A more profitable model
The model based on sister or subsidiary companies offers fairly significant margin generation, even more so when it comes to projects requiring specific technical expertise other than construction know-how. Indeed, Jet Contractors manages to secure an operating margin of between 6.3% and 7.3% over the last three financial years (2021 to 2023).
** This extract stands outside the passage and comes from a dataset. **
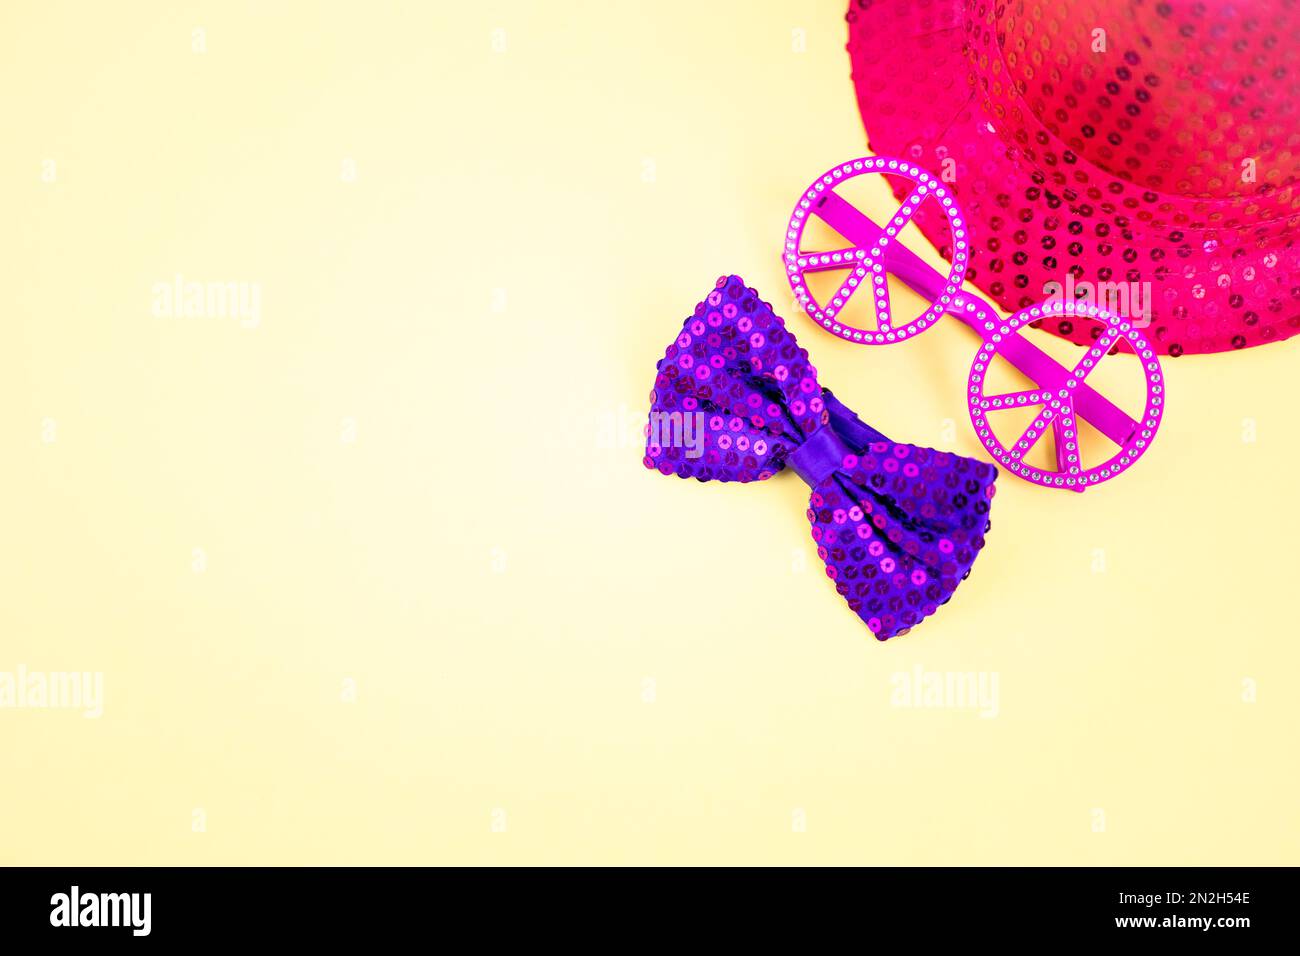 Fond jaune de carnaval avec lunettes de paix roses isolées et chapeau à paillettes et noeud papillon violet. Costume d'accessoires coloré pour le festival et la fête. Banque D'Images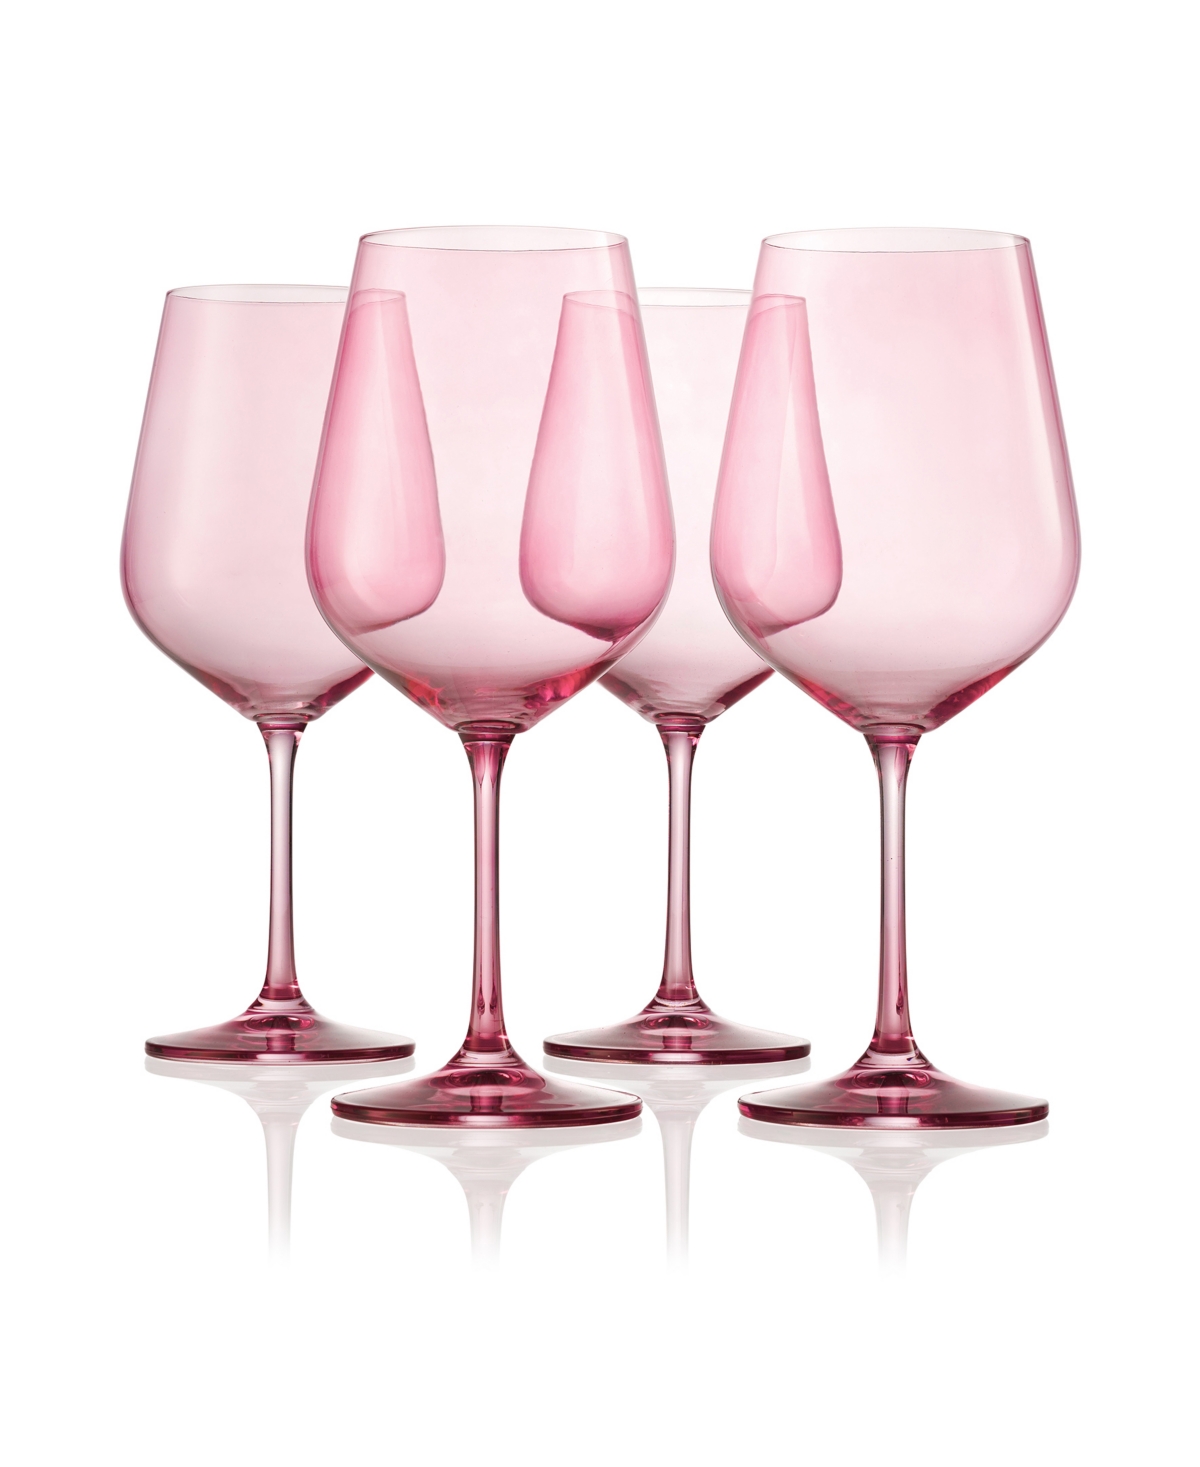 Godinger Sheer Stemmed Wine Glasses, Set Of 4 In Rose

Based on this operational profitability and taking into account the low CAPEX required for the projected development, the generation of significant operational cash flows depends on the speed of growth in turnover from one year to the next and the WCR in number of days of turnover.

Also, the strategic positioning of Jet Contractors has enabled it to reach a milestone with an overall consolidated turnover of more than 1.8 billion dirhams in 2022 and 2.2 billion dirhams in 2023, an average annual increase of more than 16% since 2013, and a group order book remaining to be executed amounting to 7.9 billion dirhams at the end of December 2023, in growth of 27% compared to December 31, 2022, the export share of which represents nearly 46% of the portfolio.

In 2024, these figures should be largely beaten with a cumulative turnover over the first three quarters of 2.1 billion dirhams, growing by 54% compared to the first three quarters of 2023, while improving cash flow by 17 % thanks to the optimization of the WCR.

Jet Contractors has strong differentiating assets in its competitive environment which allow it to secure a diversified and profitable order book. It exceeded 9 billion dirhams at the end of September 2024.

In order to be able to pass on the benefits to shareholders, Jet Contractors will ensure that its growth is controlled and will work technically and structurally to reduce its relative WCR (in days of turnover)”promises the group in its reference document registered with the AMMC.